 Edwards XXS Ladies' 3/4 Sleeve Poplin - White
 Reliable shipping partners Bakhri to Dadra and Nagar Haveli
━━━━━━━━━━━━━━━━
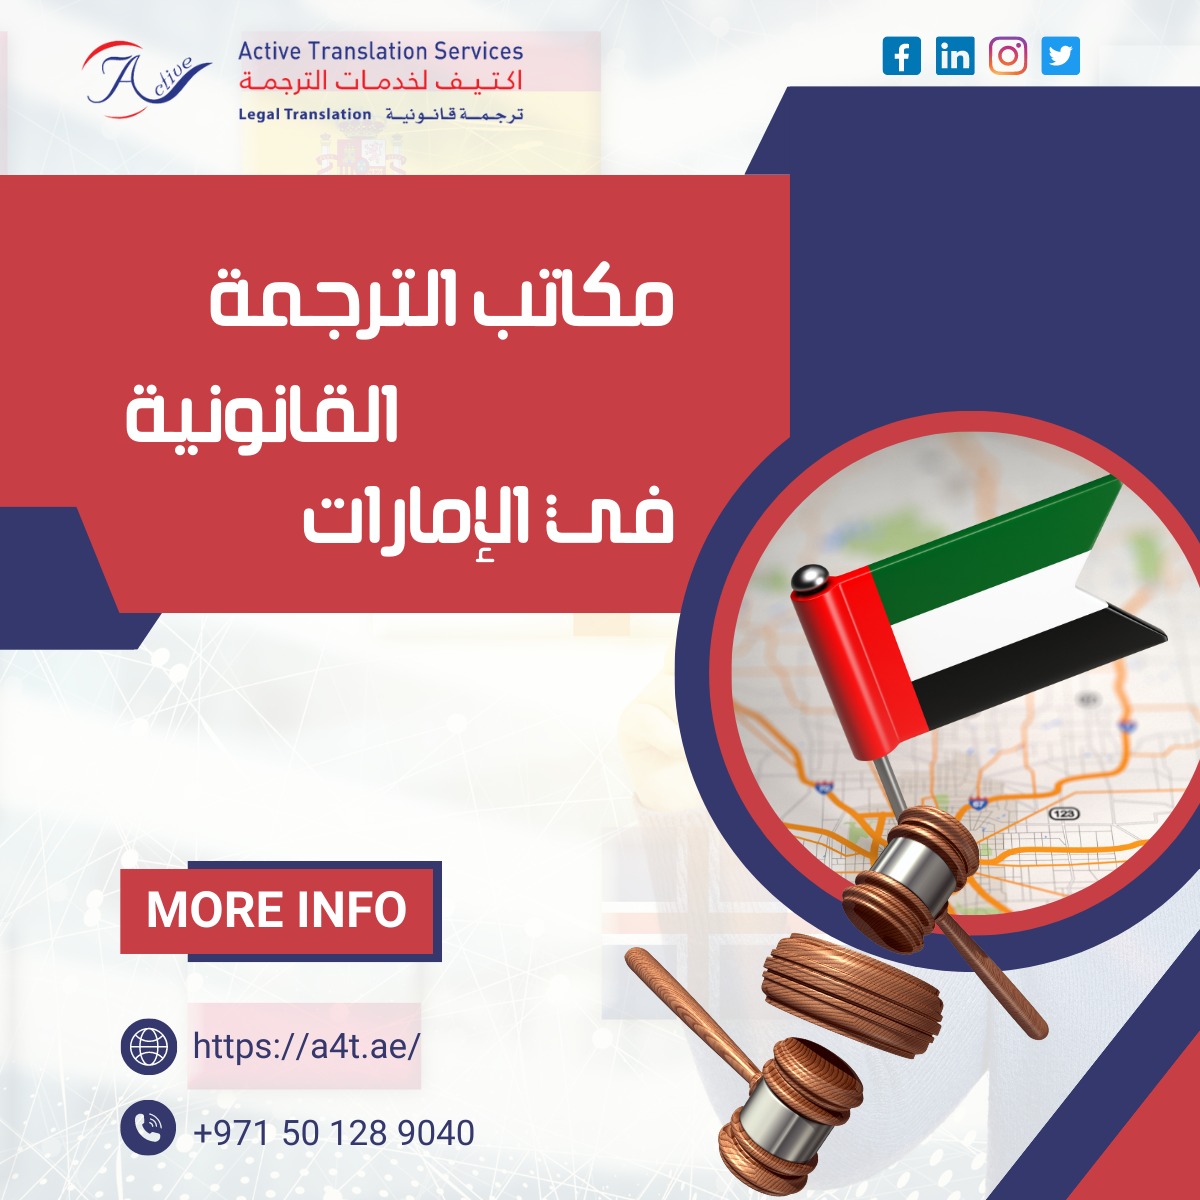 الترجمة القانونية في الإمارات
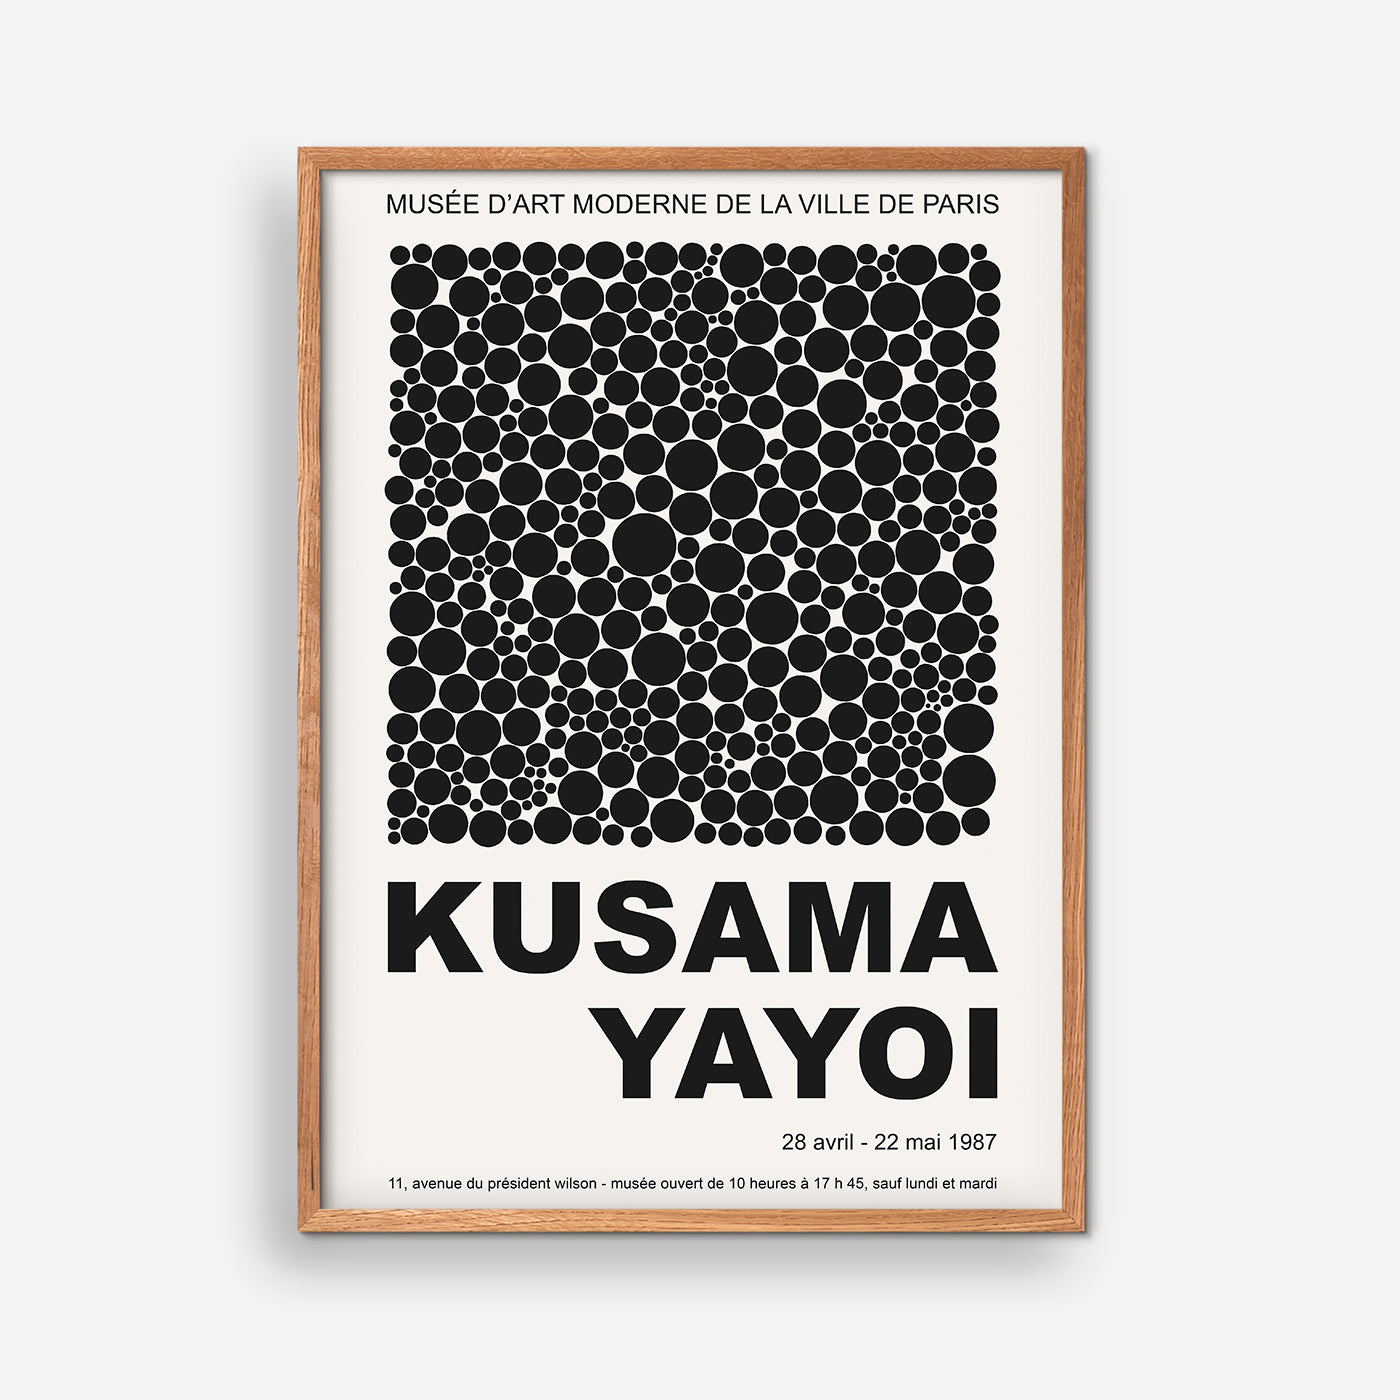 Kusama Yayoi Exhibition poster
━━━━━━━━━━━━━━━━
## Your assignment
An exact copy of the lines above, from the one containing "Edwards XXS Ladies'" down to the one containing "Reliable shipping partners" and including both, is the whole answer; retype it and nothing else.

## Exercise result
 Edwards XXS Ladies' 3/4 Sleeve Poplin - White
 Reliable shipping partners Bakhri to Dadra and Nagar Haveli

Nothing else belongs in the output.